Mariah Carey ft. Westlife – ‘Against All Odds (Take A Look At Me Now)’

23 September 2000

Mariah Carey ft. Westlife - "Against All Odds"

Like a summit between rival superpowers of souped-up, watered-down schmaltz, Mariah Carey and Westlife meet on Capri in the cheaply-made video for their duet ‘Against All Odds (Take A Look At Me Now)’. But that isn’t the weirdest thing about this video. Mariah’s vocal on the single is actually just re-used from a solo version she had made and released as an album track earlier that year. However, the video shows her in the studio with our boys, purportedly recording their take together. And for all Mariah’s legendary diva-dom, not doing stairs and the like, according to Westlife themselves (in some interview I skimmed years ago) the biggest challenge for the video makers, not to mention for Mariah herself, was to edit around how one Westlifer spent almost the entire shoot footage looking at Mariah’s chest.

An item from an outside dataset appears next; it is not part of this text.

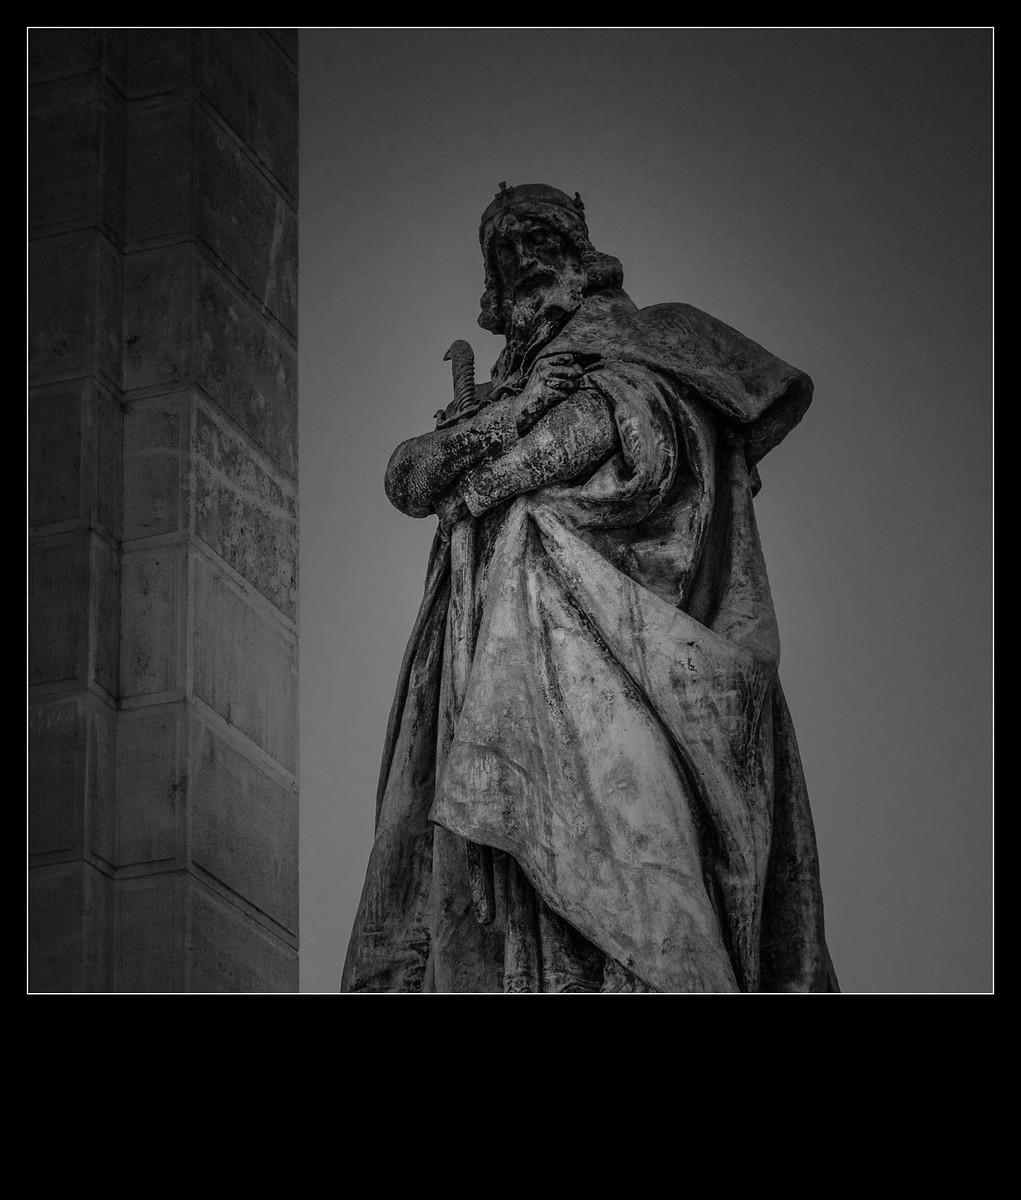 布达佩斯英雄广场的那些英雄们_图1-11

I’ll be honest: I didn’t pay any attention to this record, or to the chests of any of its participants, in 2000. The original, a 1984 Irish number one for the dreaded Phil Collins, is an appalling song anyway, but this is already better simply by having no Phil Collins on it. Still, it’s a strange choice for a duet: are both parties sulking and self-entitled at each other? I doubt the sense of the lyrics was much of a concern here: they just wanted a proven big-bluster soppy ballad with some easy money notes. That said, up until the climactic final chorus Mariah is quite restrained on this – ‘subdued’ is actually a smart choice for engaging with this song’s inherent sourness. Yes, right at the end she gives it all guns blazing, but that’s what happens on a Mariah Carey record.

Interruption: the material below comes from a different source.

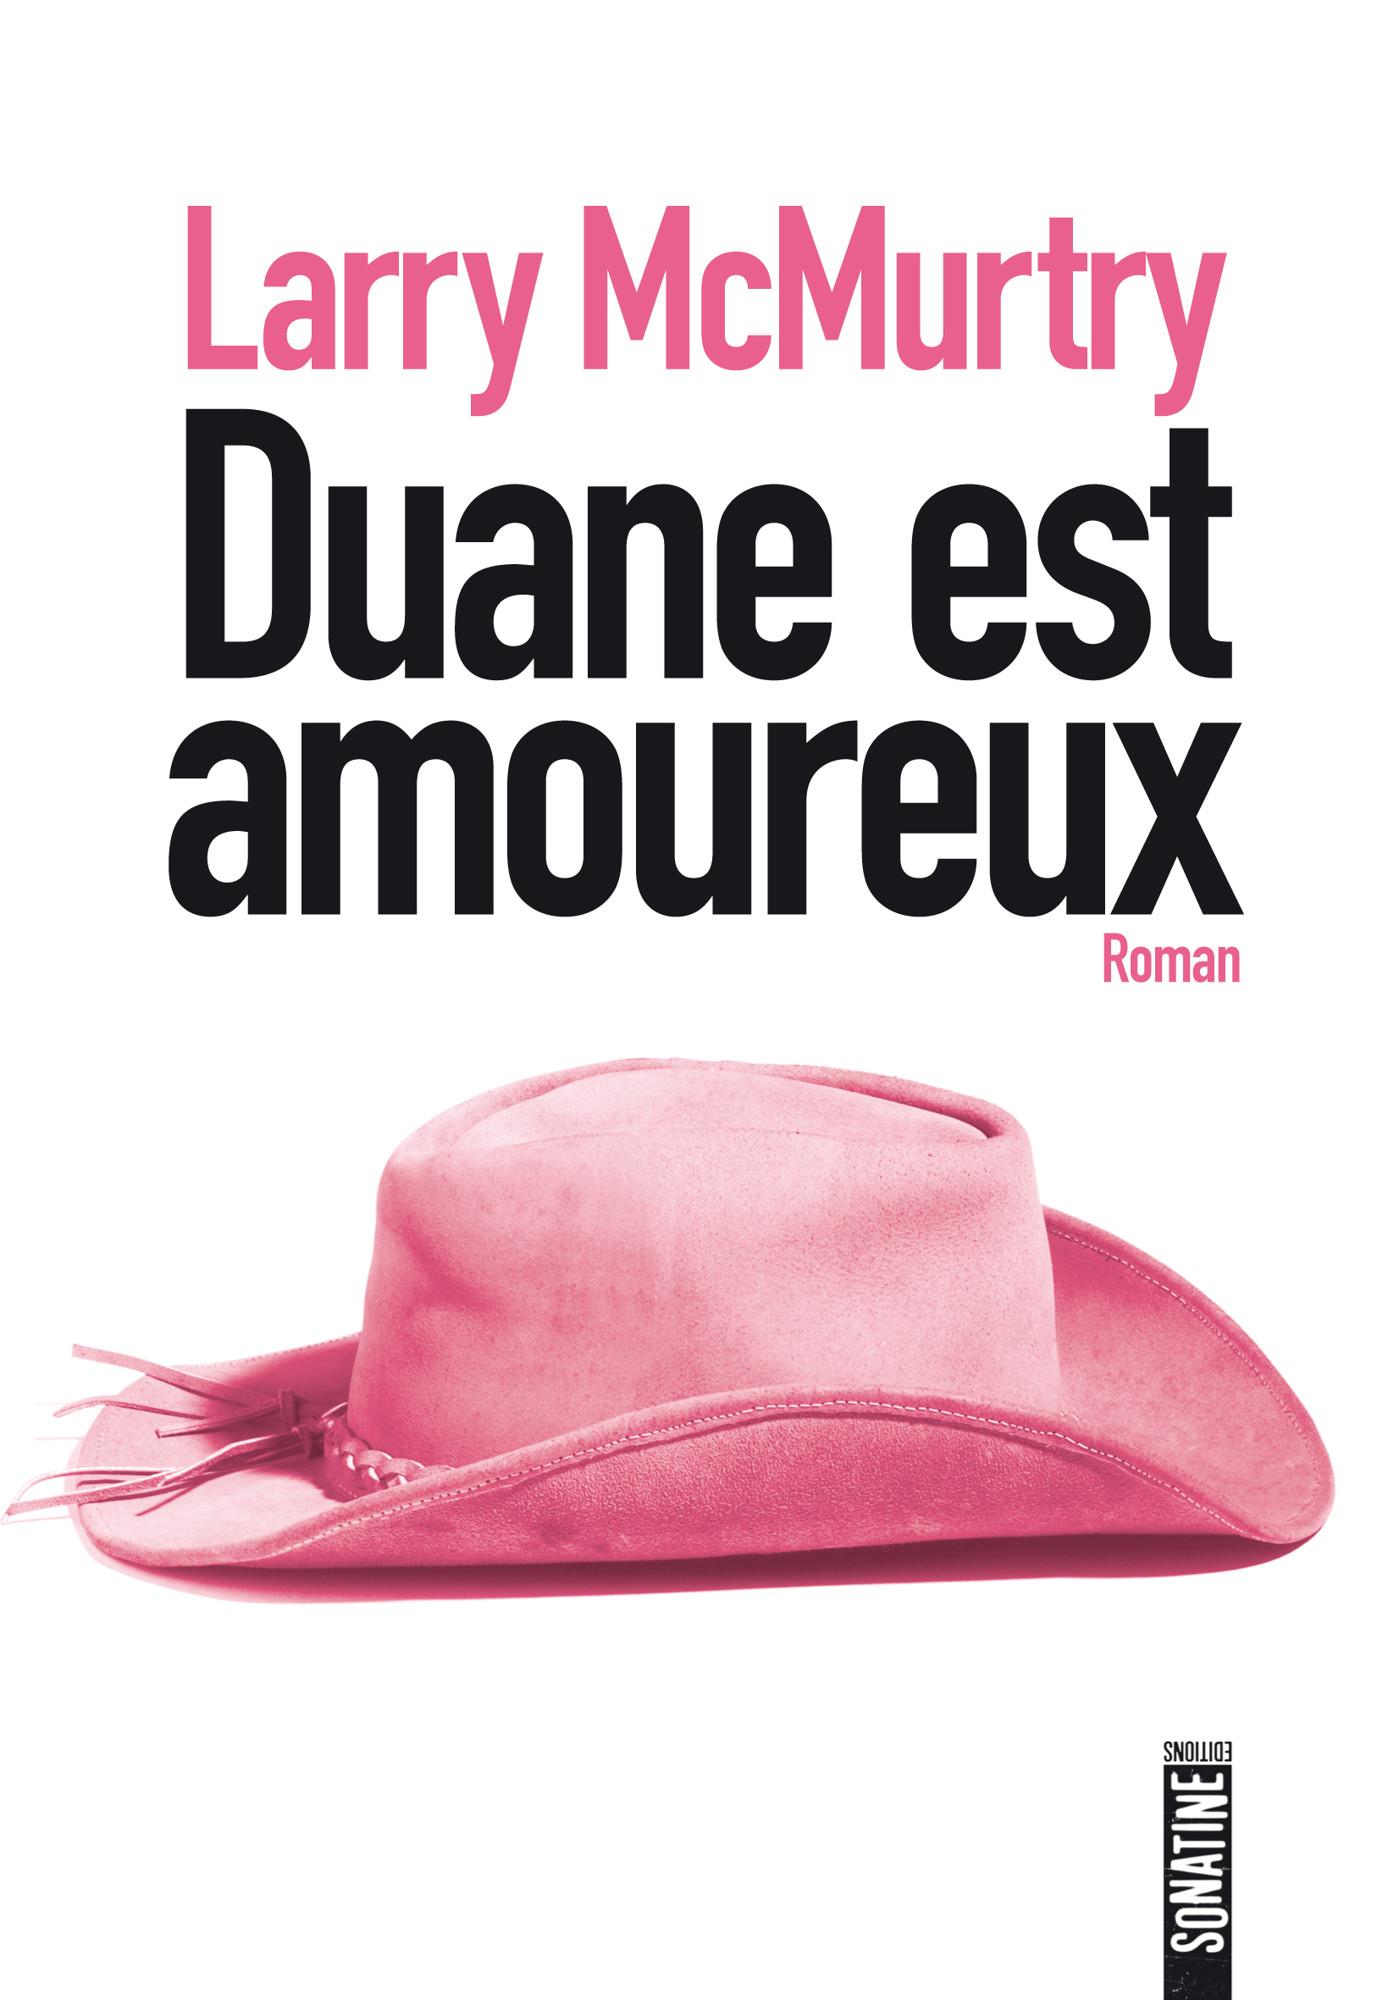 Duane est amoureux | MAC MUTRY, Larry

The real rotten fish smell of this record emanates from Westlife. Their verses give us the signature styles: Shane bleating like a confused sheep, Mark over-emoting wildly, the other three standing at the back. Worse are their ridiculously witless backing vocals, which they deliver with no musicality at all. They literally just repeat the previous lead vocal lyric in a slow, syllable-by-syllable drone. After this experience you can imagine Mariah quickly adding ‘Capri’, ‘Westlife’ and ‘leery Irish lads’ to ‘stairs’ on her shit-list.